Drilling operations, delayed from the original schedule by capital constraints and lack of rig availability, were conducted from September 12 to November 11, 2004. The planned well time was estimated as 39 days and overall cost as $2.4 million. The actual results are 66 days at a total cost of $3.4 million. Well productivity responses during subsequent flow and swabbing tests were negative. The well failed to inflow and only minor amounts (a few barrels) of light oil were recovered. The lack of production may suggest that actual sustainable reservoir pressure is far less than anticipated. The Operator is currently investigating the costs and operational viability of re-entering the well and conducting an FMI (fracture detection) log and/or an acid/frac stimulation.

Figure #5 above compares the planned and actual well path, figure #6 below provides a time/cost comparison between planned and actual performance.

 

The drilling time sheets indicate that the total “problem time” experienced on the well accounted for only 3.8% of total field operations. This definition of problem time is very subjective. From the authors’ perspective, there was a larger proportion of time lost due to avoidable errors and less than optimal operational decisions made on sight. The delays on the well were primarily due to a combination of:

A – Slower than anticipated penetration rates in both the intermediate and productive hole sections. The merit of PDC bits appeared attractive in this application. This was evidenced by the superior performance gained by this bit type in both the intermediate and productive sections versus conventional rock bits.

B- Slower than expected rig operations with numerous equipment failures, and extended liner and tie-back operations stemming from a failed primary cementing job and a space-out error in slave string placement.

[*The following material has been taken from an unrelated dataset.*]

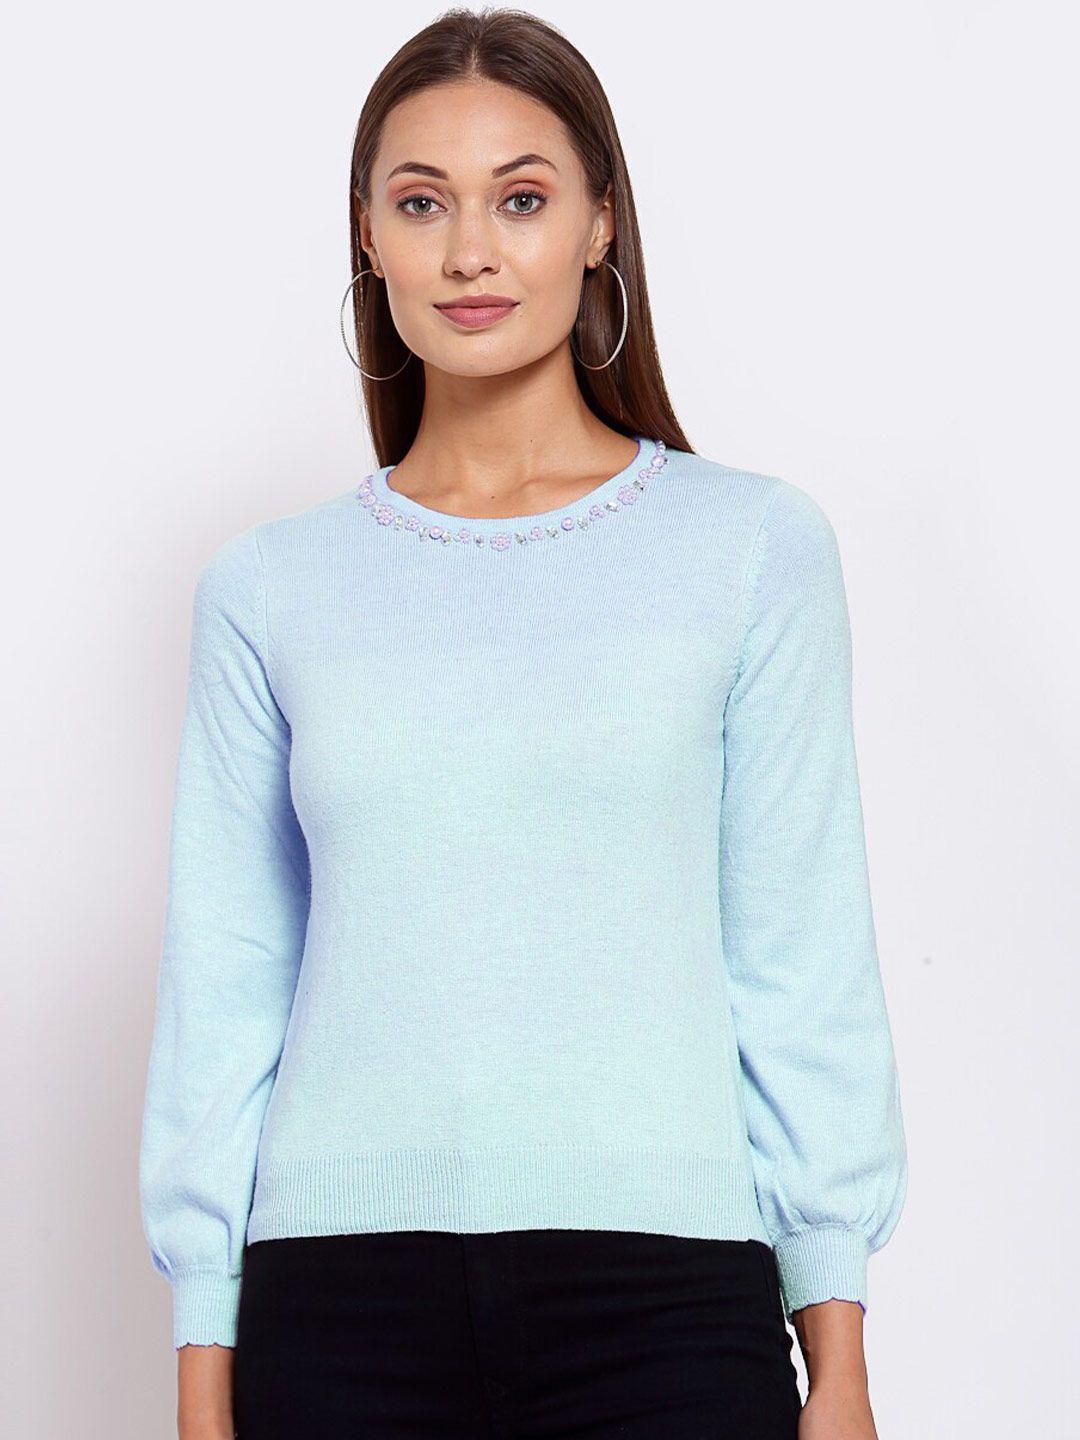 klotthe women blue solid sweater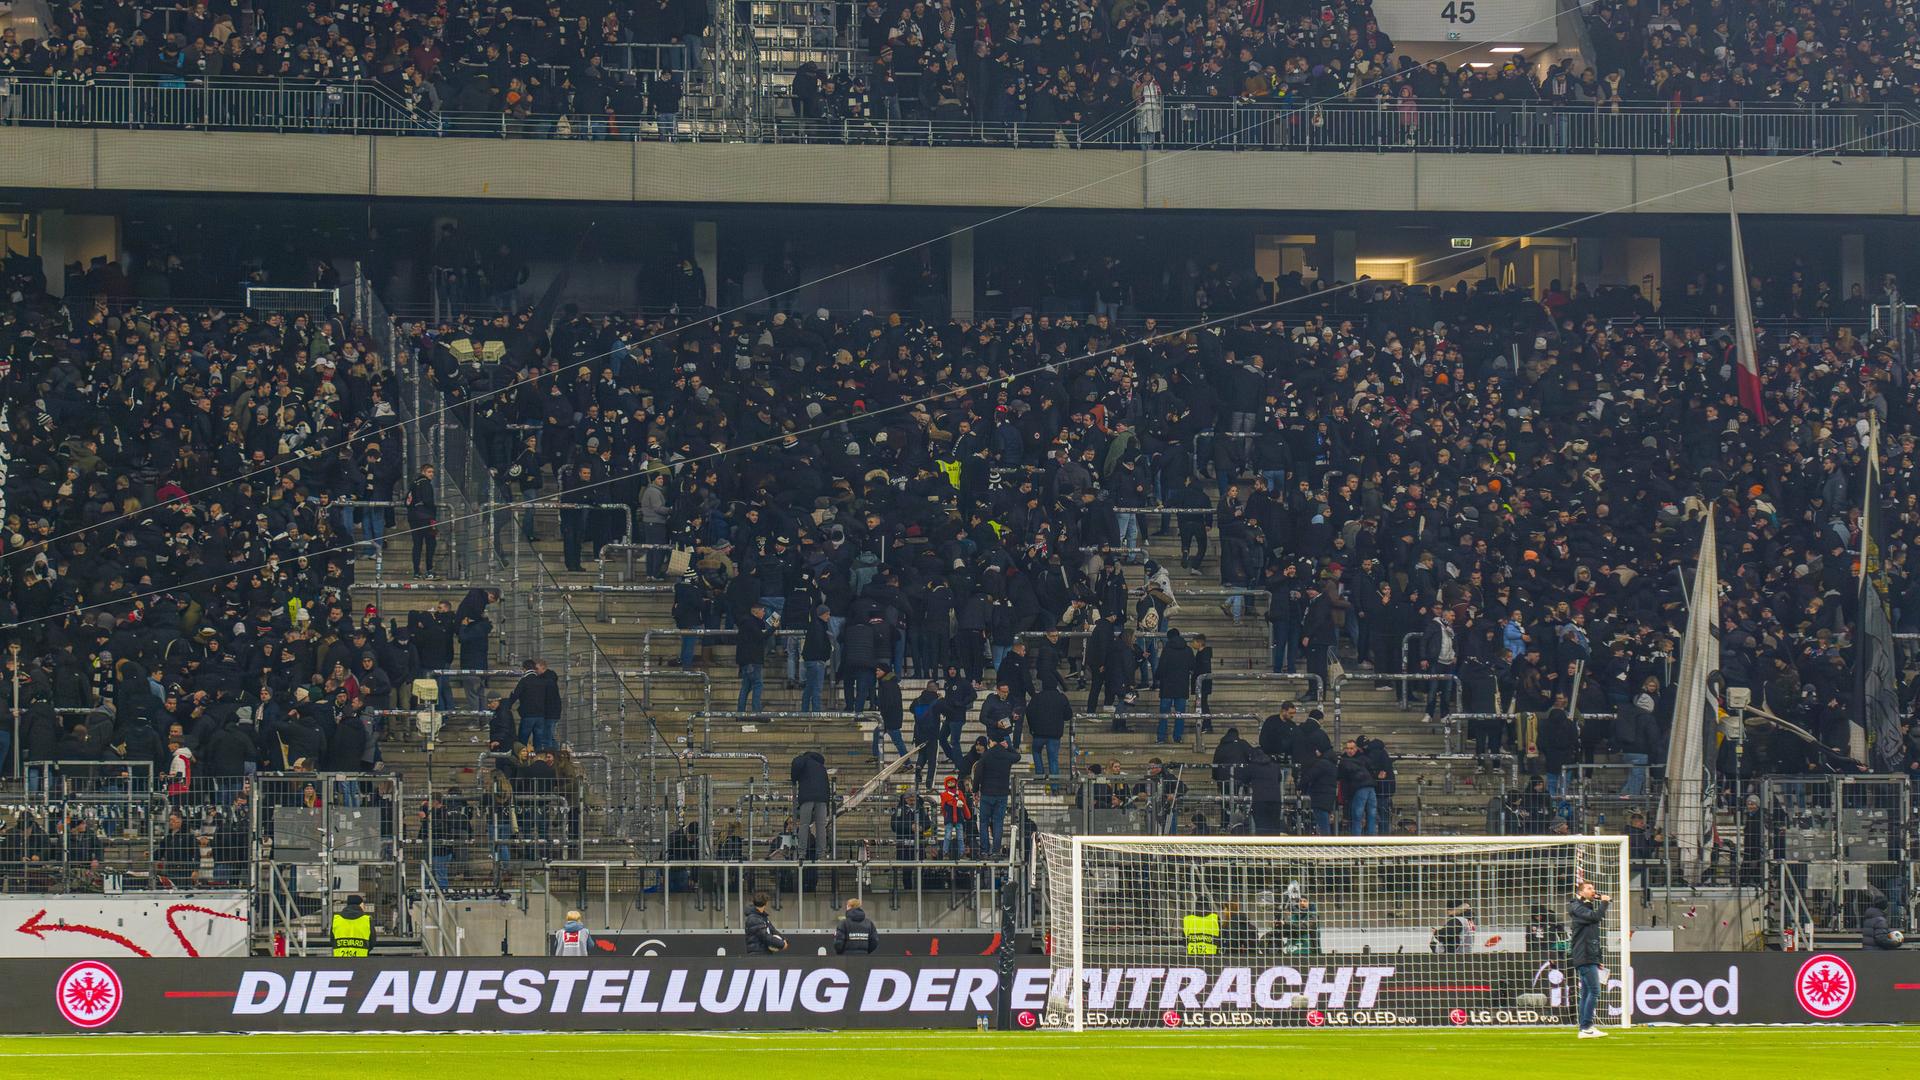 Nach den Fan-Ausschreitungen der Frankfurt Ultras, verlassen die Ultras von Eintracht Frankfurt das Stadion

C- Numerous trips for failed motor and MWD assemblies in the productive interval. The bottom-hole pressure expectation of 250-260°F were discussed with the service provider, however, the adequate supply of appropriately designed and serviced motors must be challenged given the frequency of motor/MWD failures experienced (5 motor/MWD failures in the h-section).

Conclusions;

A – Horizontal, MPD applications are viable in these deeper HRM targets. The existence of conductive fractures/micro-fractures and sustainable dual-porosity reservoir pressure may be prerequisites for success.

B – The novel MPD drilling mode merits expanded application in this general setting. This drilling method provided good EWD capability, faster penetration, and minimal formation damage concern.

C – PDC bit application and customization should be more aggressively pursued in deep Monterey drilling projects.

D – Very stringent focus is required to ensure key staff continuity between planning and field operations phases. Properly briefed and adequately relieved field supervision providing 24 hour coverage is a necessity when conducting novel well construction operations. These field supervisors must strive to ensure that an open and effective “team” effort exists, particularly when novel drilling operations or well designs are being employed. With proper procedural planning of novel activities, the team is confident that similarly designed wells could be constructed in 30 days or less, with costs in the order of 50% of that experienced on this well.